StagFlationStagFlation

Today’s trading was very unique. Nevermind oil’s (NYSEARCA:USO) third consecutive day of monster gains. That is the obvious anomaly that will be pointed out by everyone. In fact, oil has had its biggest 3 day gain since August 1990 when President George H.W. Bush invaded Iraq.

What was even more interesting though is that treasuries (NYSEARCA:TLT), equities (^GSPC) and the US Dollar (NYSEARCA:UUP) all traded down together. Stocks and bonds usually trade inversely as the latter is generally considered a safety trade when stocks are tanking. And on the rare occasions when they do trade down together, the dollar usually still climbs, as that is another alternative safety net when both stocks and bonds are down in the same day.

Very rarely are all three moving down together.

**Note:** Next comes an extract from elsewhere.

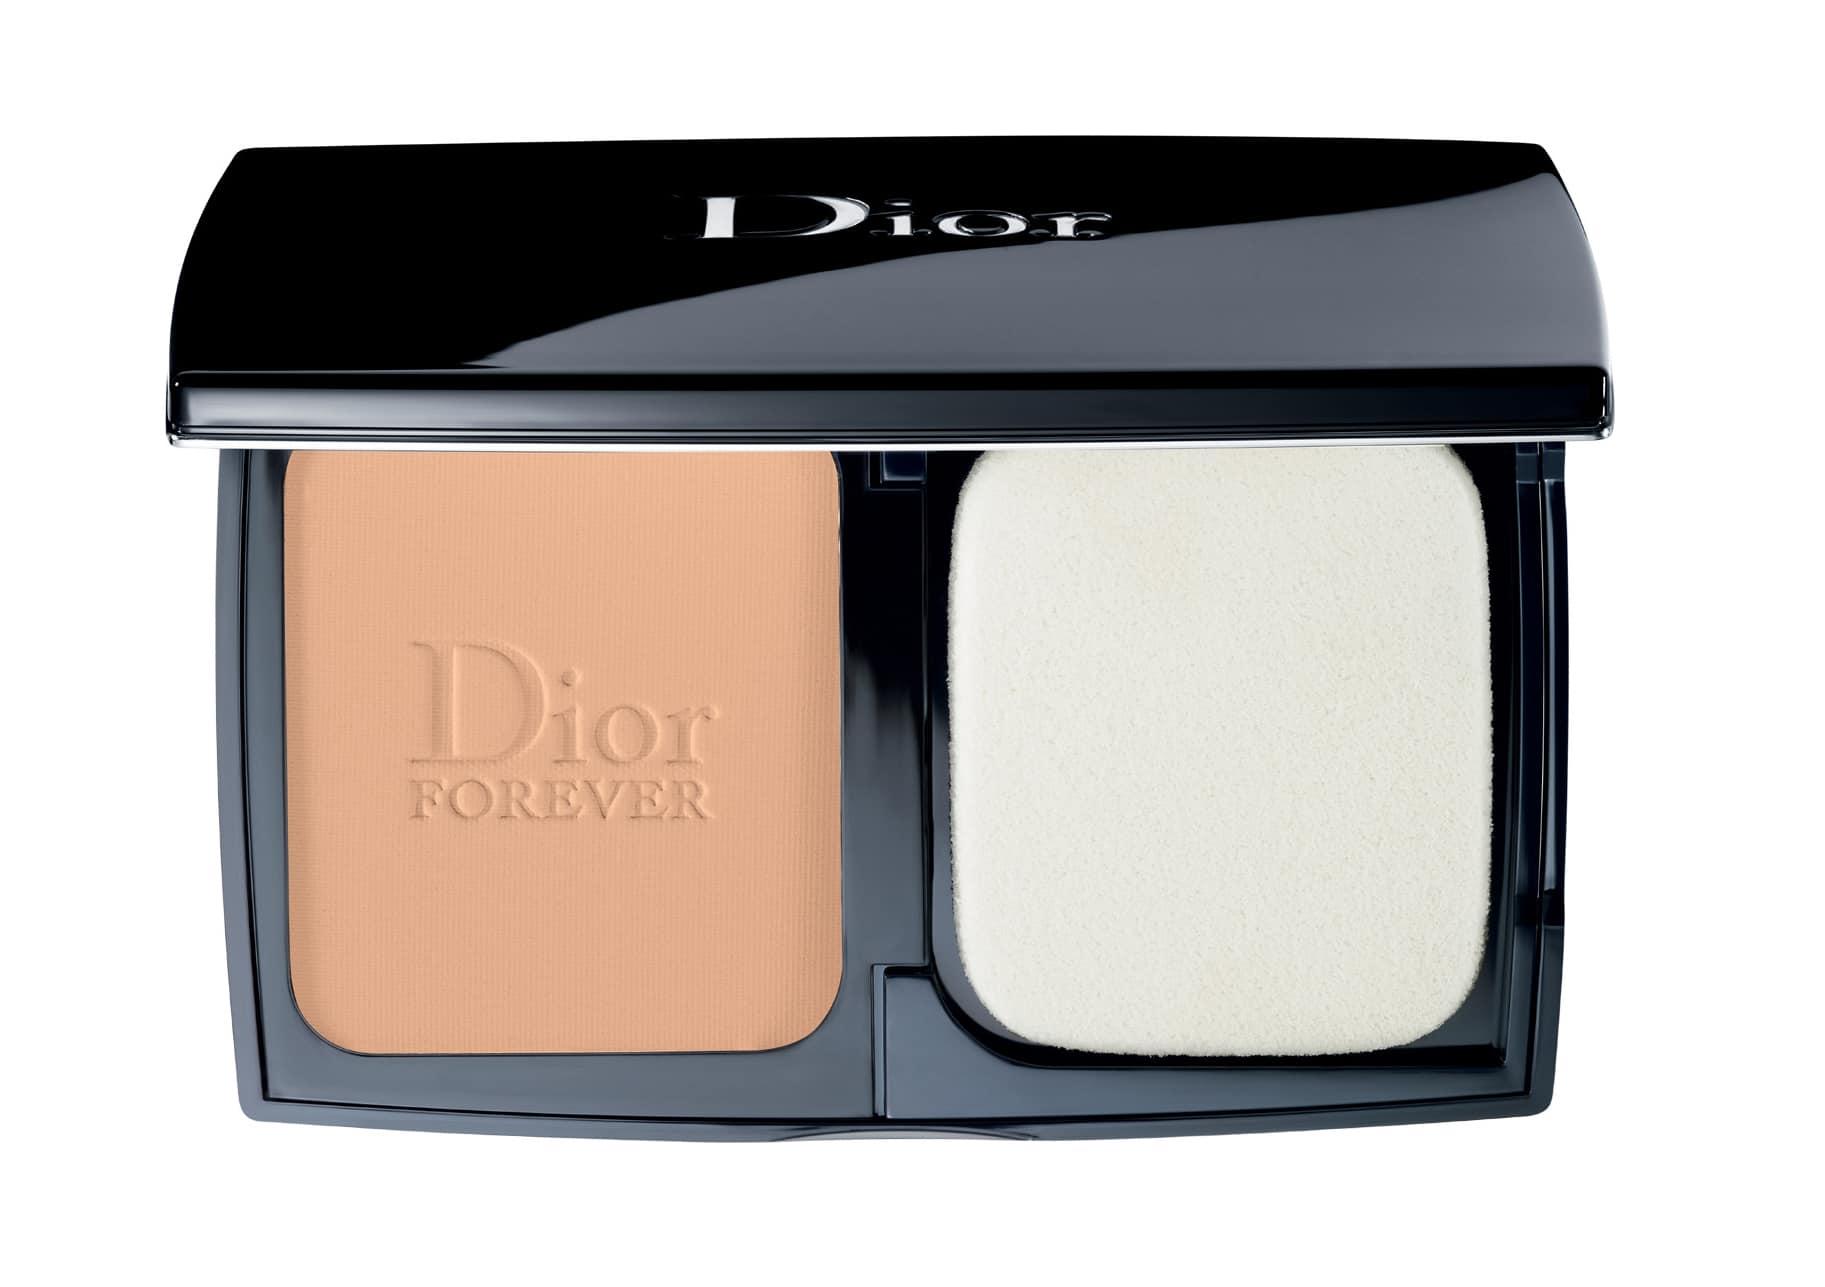 Dior Diorskin Forever Extreme Control Fondotinta

This could be a one-off thing, but if it continues, it is a signal of stagflation. Stagflation is when the entire Keynesian system of lowering interest rates in order to stimulate economic growth is flipped on its head. It is a combination of high inflation with recession, and it only happened once for any sustained period during the mid 1970’s, particularly during the oil embargo of 1973.

If the dollar, bonds, and stocks are headed down together while oil and commodities are moving up (the entire commodity complex moved up together with oil today) then this means that the dollar is losing purchasing power, interest rates are rising, the stock market is falling, and the cost of living is going up. Hence stagnation plus inflation, or stagflation.

In the current environment, it is generally considered a good thing and a sign of economic growth when the price of oil rises. It implies there is a higher demand for oil and hence a growing economy. But the other factor that can cause a rise in oil prices is simply a fall in the purchasing power of the dollar, or in other words a fall in the demand to hold cash as cash.

If the rise in commodity prices is being fueled by higher demand, then that would mean economic growth. But if it is only being fueled by a falling dollar, then it means stagflation.

One day of trading like this is no big deal. But if it continues, big trouble could be ahead.